Nelle zone di conflitto, le battaglie si combattono sul corpo delle donne. Ad affermarlo è il ginecologo chirurgo D. Mukwege, fondatore e direttore dell’ospedale Panzi a Bukavu nella Repubblica Democratica del Congo. La guerra sembra connaturata in questa zona dell’est: oro, diamanti, coltan attirano vari interessi e armano gruppi ribelli senza scrupoli. Dal 1999, il dottore con il suo staff ha curato più di 50.000 vittime di violenza sessuale. Le cure fornite non riguardano soltanto l’ambito medico ma anche il campo psicosociale e legale.

È necessario sottolineare che, in Africa, le donne sono perno della famiglia e dell’economia. Colpire le donne e distruggerle fisicamente e psicologicamente significa quindi dilaniare il tessuto sociale ed economico e generare ulteriore povertà.

I violentatori vogliono punire e terrorizzare la popolazione civile, indurla a fuggire; il tutto tramite stupri collettivi e pubblici che a volte comprendono l’uso di oggetti contundenti, granate, vetri inseriti crudelmente nelle parti intime. Il dottore, vincitore del Premio Sacharov per la libertà di pensiero 2014, ha sottolineato in varie occasioni che i crimini in questione sono ben pianificati e mirano a mettere in fuga comunità intere.
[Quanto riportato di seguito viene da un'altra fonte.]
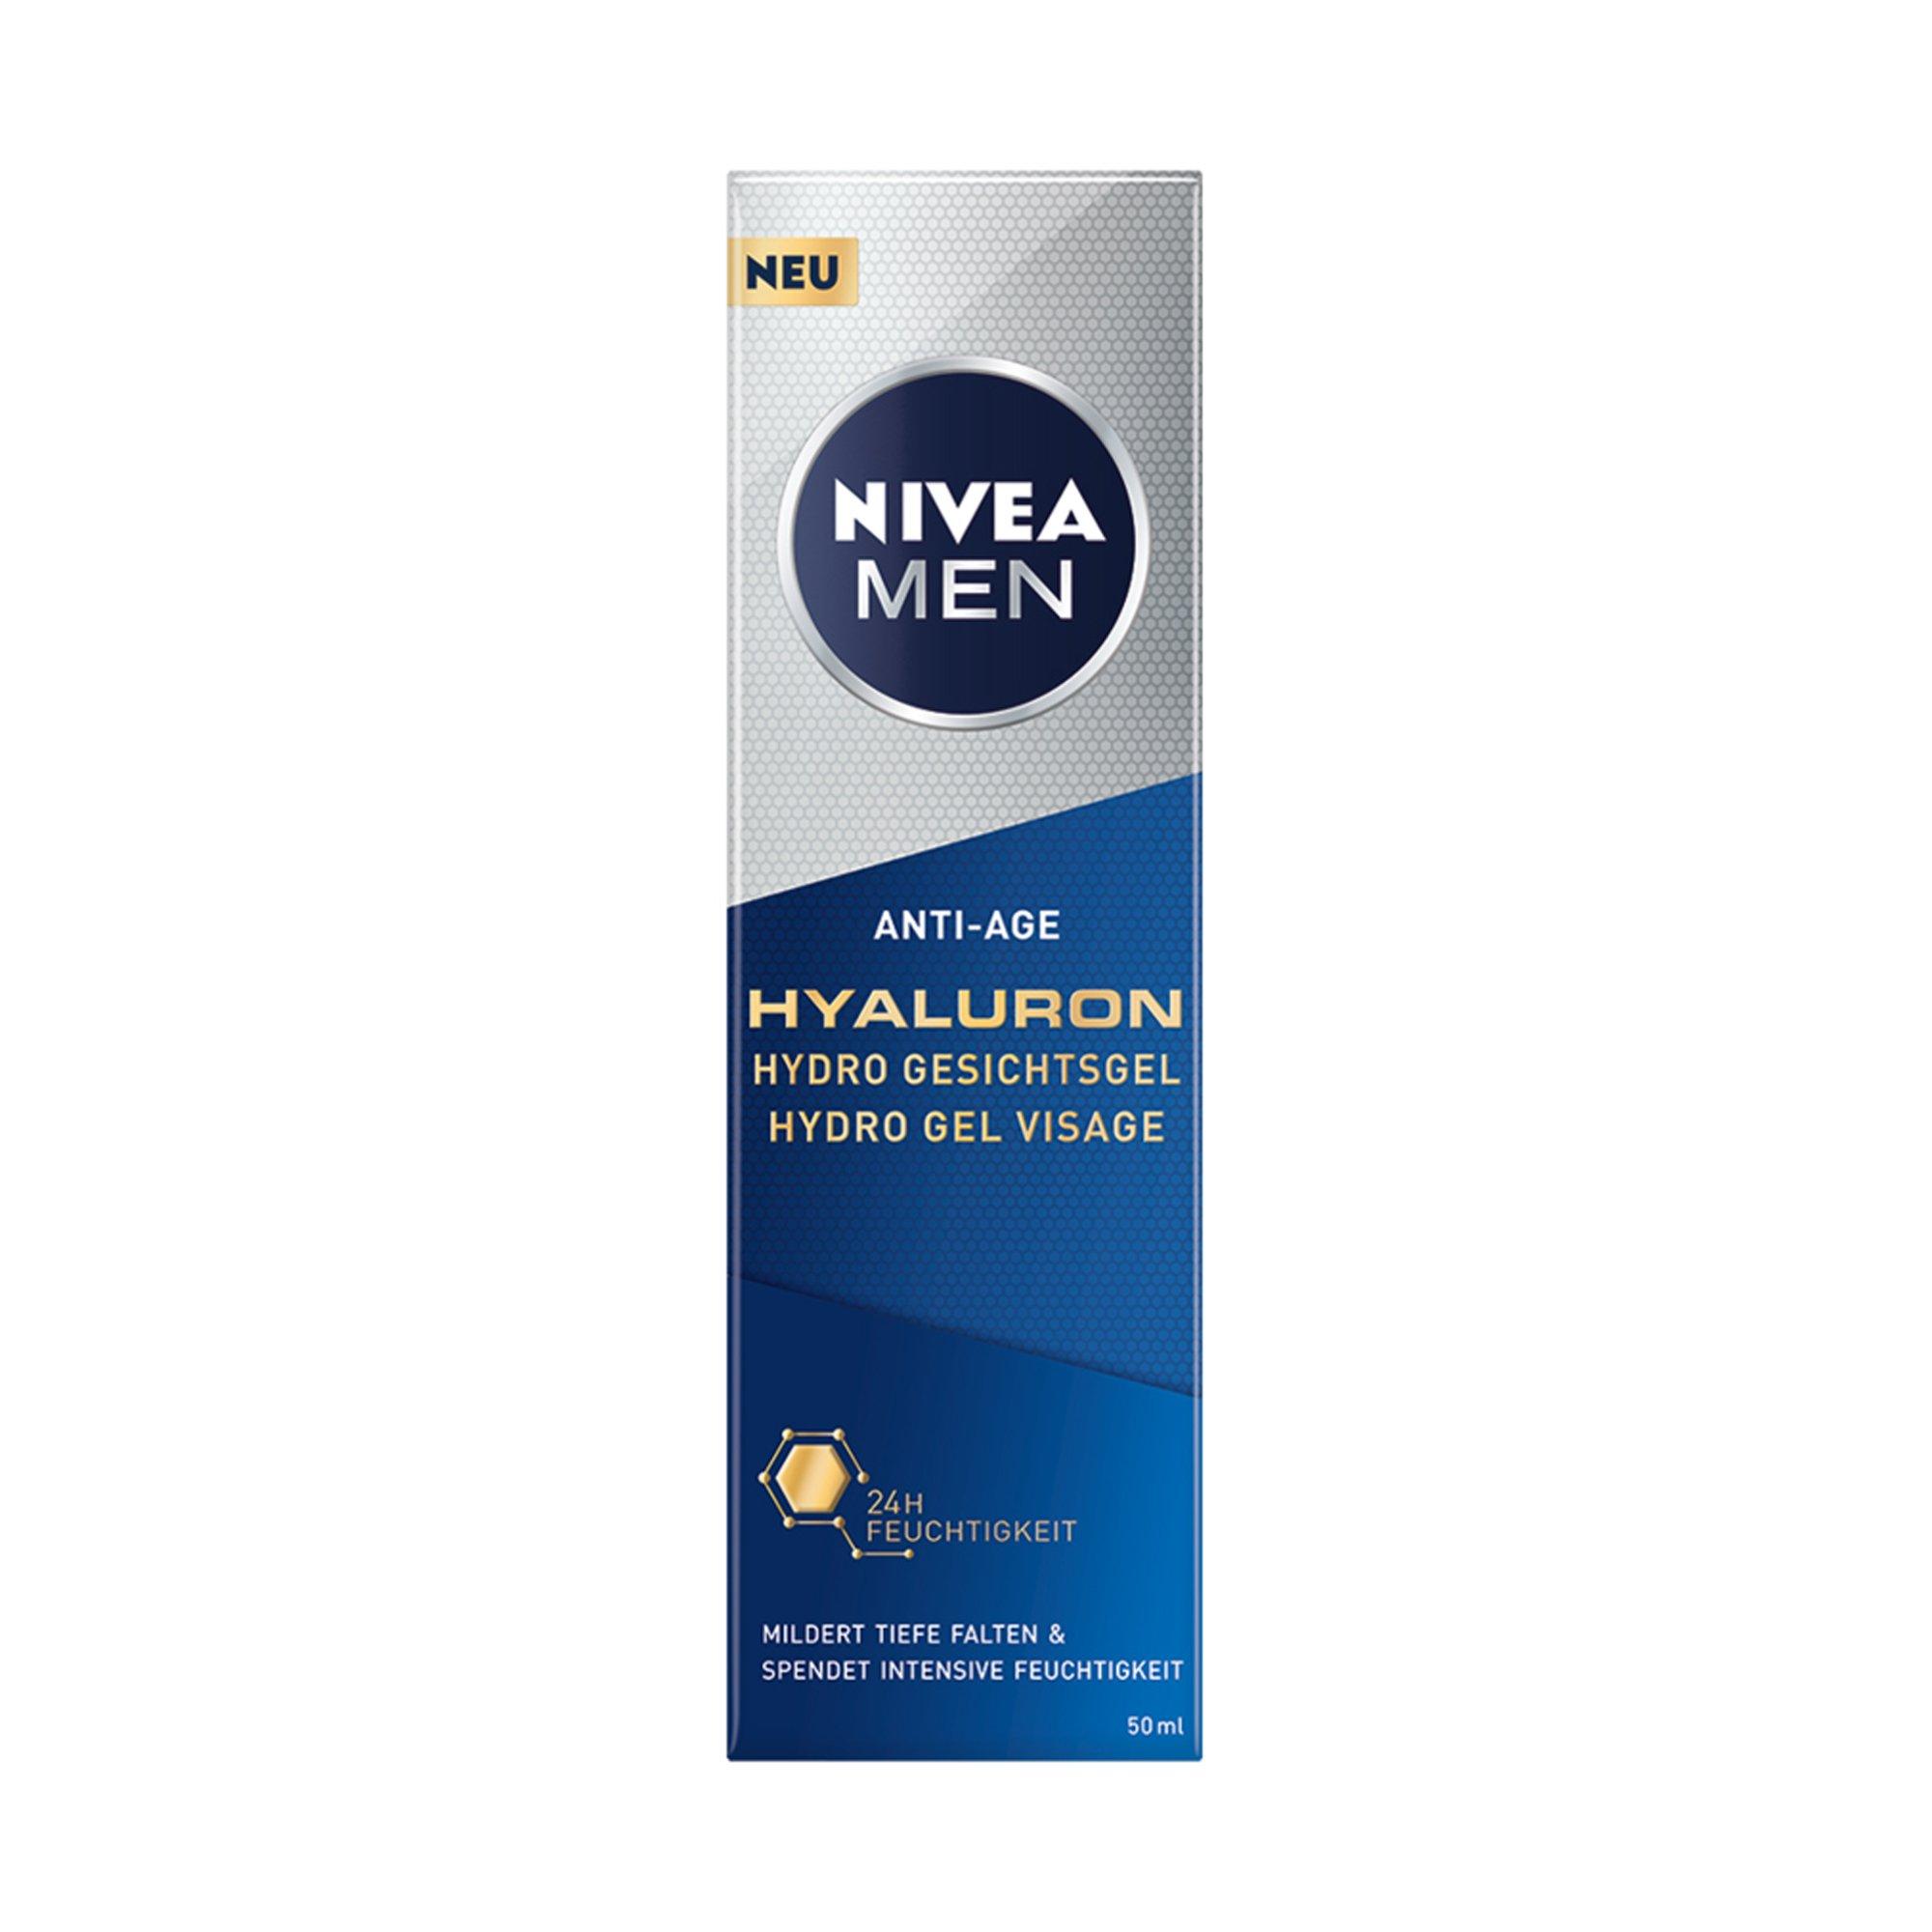 NIVEA Men Anti-Age Hyaluron Gesichtsgel Hydro Gel Visage Anti-Age Hyaluron

Non si spiegherebbero altrimenti violenze sessuali così sistematiche di cui sono vittime donne di ogni fascia d’età, minori di entrambi i sessi e addirittura neonati.
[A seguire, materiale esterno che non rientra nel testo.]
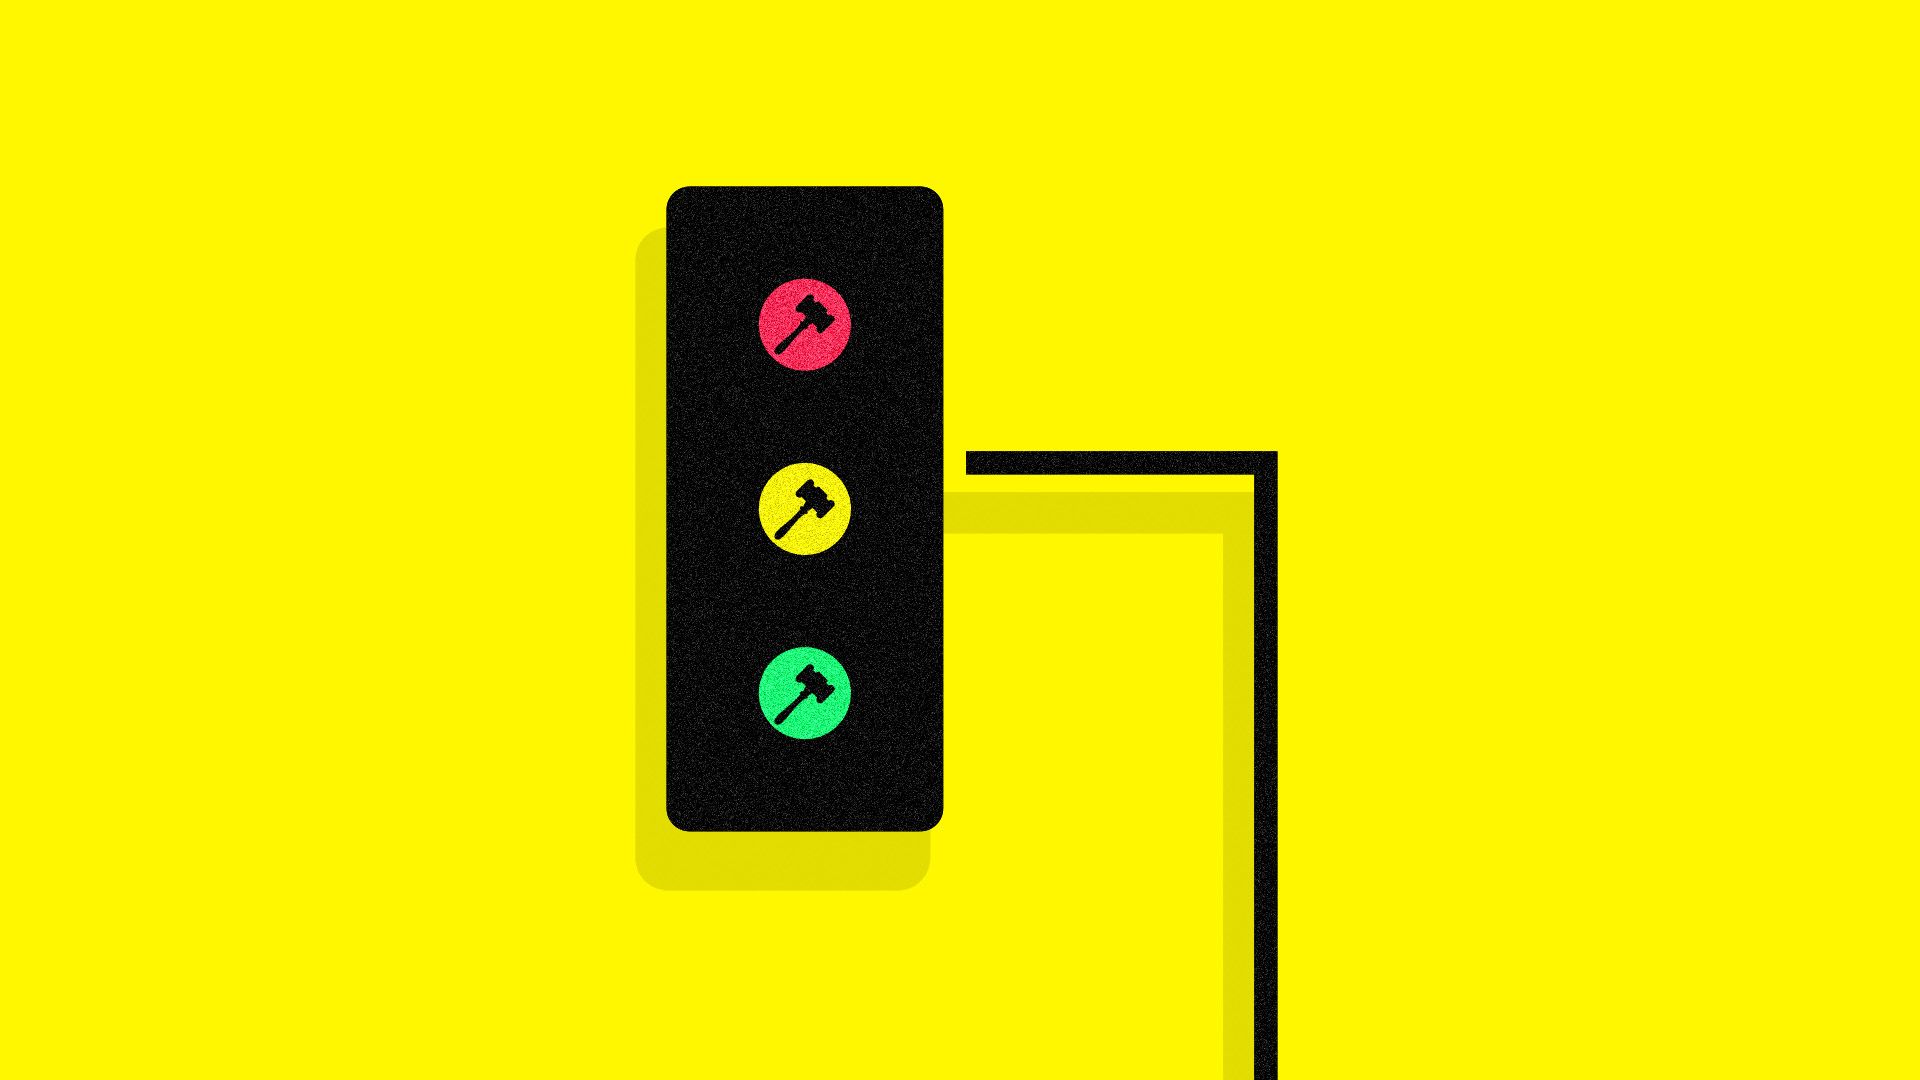 Illustration of traffic light with gavels in each light

Uno scenario simile è presente anche nella Repubblica Centrafricana come denuncia il report HRW. 5 anni di conflitto, 2 gruppi armati principali: i Seleka, di matrice musulmana, e gli Anti-balaka di stampo cristiano-animista.

Le interviste a 296 sopravvissute raccontano casi di stupro e di schiavitù sessuale a danno di ragazze e donne, di età compresa tra i 10 e i 75 anni, che abitano nella capitale Bangui e in altre città come Alindao, Bambari, Boda, Mbrès. Solitamente le vittime sono catturate mentre vanno a scuola o al mercato oppure nei campi dove lavorano.

Ma le violenze si consumano anche in casa, davanti ai mariti e ai figli, costretti a vedere il macabro spettacolo e torturati, mutilati, se non violentati a loro volta. I casi di stupro documentati dall’organizzazione sono 305 ma si tratta ovviamente di un numero indicativo e di una ricerca mirata: l’Onu, ad esempio, denunciò 2.500 casi di violenza sessuale in RCA solo nell’anno 2014.

Delle 296 intervistate solo 145 hanno ricevuto cure mediche adeguate: mancanza di ospedali, costi, paure di stigmatizzazione alla base di tale abbandono. Solo 66 hanno ricevuto un supporto psicologico. Tutte le altre affrontano da sole – perché spesso abbandonate dalla famiglia per la vergogna – gravidanze non desiderate, depressione, DPTS, HIV. I responsabili girano liberi per le città tra deboli istituzioni, pochi tribunali e polizia assente. Eppure si tratta di crimini di guerra e di crimini contro l’umanità diffusi e sistematici come condannati nell’art. 7 dello statuto di Roma della Corte Penale Internazionale.

In Ruanda e in ex-Jugoslavia, il Tribunale penale internazionale per il Ruanda (ICTR) e il rispettivo per i Balcani condannarono le violenze sessuali commesse in quei luoghi come crimine di guerra. La Corte penale speciale di Bangui quando emetterà una simile sentenza? E la Corte Penale Internazionale quando si spingerà oltre le indagini in corso?